• [BRIEF] Return the records that follow, unchanged and complete.

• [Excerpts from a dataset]
Segment Open
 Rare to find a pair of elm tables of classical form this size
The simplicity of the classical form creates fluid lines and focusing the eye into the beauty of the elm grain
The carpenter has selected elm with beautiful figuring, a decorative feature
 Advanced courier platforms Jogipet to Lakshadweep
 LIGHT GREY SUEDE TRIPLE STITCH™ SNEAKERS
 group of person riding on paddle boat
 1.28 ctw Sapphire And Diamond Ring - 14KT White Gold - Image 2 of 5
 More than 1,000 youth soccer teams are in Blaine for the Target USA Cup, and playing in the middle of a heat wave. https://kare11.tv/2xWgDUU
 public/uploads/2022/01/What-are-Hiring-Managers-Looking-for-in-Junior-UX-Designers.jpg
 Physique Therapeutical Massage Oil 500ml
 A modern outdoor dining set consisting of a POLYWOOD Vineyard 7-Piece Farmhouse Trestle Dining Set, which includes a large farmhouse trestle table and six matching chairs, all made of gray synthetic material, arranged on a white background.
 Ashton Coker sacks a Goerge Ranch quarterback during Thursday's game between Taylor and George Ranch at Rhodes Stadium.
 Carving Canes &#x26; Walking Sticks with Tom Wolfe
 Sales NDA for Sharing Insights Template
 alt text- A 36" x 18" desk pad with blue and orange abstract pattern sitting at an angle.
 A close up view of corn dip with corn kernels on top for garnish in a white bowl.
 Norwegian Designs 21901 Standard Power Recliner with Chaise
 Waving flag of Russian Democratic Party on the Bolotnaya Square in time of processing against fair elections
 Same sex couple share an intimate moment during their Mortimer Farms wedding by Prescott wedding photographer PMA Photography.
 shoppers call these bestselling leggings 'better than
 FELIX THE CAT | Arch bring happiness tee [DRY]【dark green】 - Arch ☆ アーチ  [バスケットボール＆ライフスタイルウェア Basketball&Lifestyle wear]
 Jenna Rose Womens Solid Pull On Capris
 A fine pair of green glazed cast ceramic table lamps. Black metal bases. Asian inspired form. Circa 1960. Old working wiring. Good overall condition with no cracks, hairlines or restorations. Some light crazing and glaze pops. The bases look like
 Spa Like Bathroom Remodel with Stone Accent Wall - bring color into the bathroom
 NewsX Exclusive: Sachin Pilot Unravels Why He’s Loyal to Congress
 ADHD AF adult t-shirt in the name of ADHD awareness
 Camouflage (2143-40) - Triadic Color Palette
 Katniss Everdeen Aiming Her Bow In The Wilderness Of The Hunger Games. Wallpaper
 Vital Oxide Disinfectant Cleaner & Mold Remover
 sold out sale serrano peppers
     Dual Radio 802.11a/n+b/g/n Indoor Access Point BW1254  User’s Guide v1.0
Segment Closed
• [ANSWER BOX]
 Rare to find a pair of elm tables of classical form this size
The simplicity of the classical form creates fluid lines and focusing the eye into the beauty of the elm grain
The carpenter has selected elm with beautiful figuring, a decorative feature
 Advanced courier platforms Jogipet to Lakshadweep
 LIGHT GREY SUEDE TRIPLE STITCH™ SNEAKERS
 group of person riding on paddle boat
 1.28 ctw Sapphire And Diamond Ring - 14KT White Gold - Image 2 of 5
 More than 1,000 youth soccer teams are in Blaine for the Target USA Cup, and playing in the middle of a heat wave. https://kare11.tv/2xWgDUU
 public/uploads/2022/01/What-are-Hiring-Managers-Looking-for-in-Junior-UX-Designers.jpg
 Physique Therapeutical Massage Oil 500ml
 A modern outdoor dining set consisting of a POLYWOOD Vineyard 7-Piece Farmhouse Trestle Dining Set, which includes a large farmhouse trestle table and six matching chairs, all made of gray synthetic material, arranged on a white background.
 Ashton Coker sacks a Goerge Ranch quarterback during Thursday's game between Taylor and George Ranch at Rhodes Stadium.
 Carving Canes &#x26; Walking Sticks with Tom Wolfe
 Sales NDA for Sharing Insights Template
 alt text- A 36" x 18" desk pad with blue and orange abstract pattern sitting at an angle.
 A close up view of corn dip with corn kernels on top for garnish in a white bowl.
 Norwegian Designs 21901 Standard Power Recliner with Chaise
 Waving flag of Russian Democratic Party on the Bolotnaya Square in time of processing against fair elections
 Same sex couple share an intimate moment during their Mortimer Farms wedding by Prescott wedding photographer PMA Photography.
 shoppers call these bestselling leggings 'better than
 FELIX THE CAT | Arch bring happiness tee [DRY]【dark green】 - Arch ☆ アーチ  [バスケットボール＆ライフスタイルウェア Basketball&Lifestyle wear]
 Jenna Rose Womens Solid Pull On Capris
 A fine pair of green glazed cast ceramic table lamps. Black metal bases. Asian inspired form. Circa 1960. Old working wiring. Good overall condition with no cracks, hairlines or restorations. Some light crazing and glaze pops. The bases look like
 Spa Like Bathroom Remodel with Stone Accent Wall - bring color into the bathroom
 NewsX Exclusive: Sachin Pilot Unravels Why He’s Loyal to Congress
 ADHD AF adult t-shirt in the name of ADHD awareness
 Camouflage (2143-40) - Triadic Color Palette
 Katniss Everdeen Aiming Her Bow In The Wilderness Of The Hunger Games. Wallpaper
 Vital Oxide Disinfectant Cleaner & Mold Remover
 sold out sale serrano peppers
     Dual Radio 802.11a/n+b/g/n Indoor Access Point BW1254  User’s Guide v1.0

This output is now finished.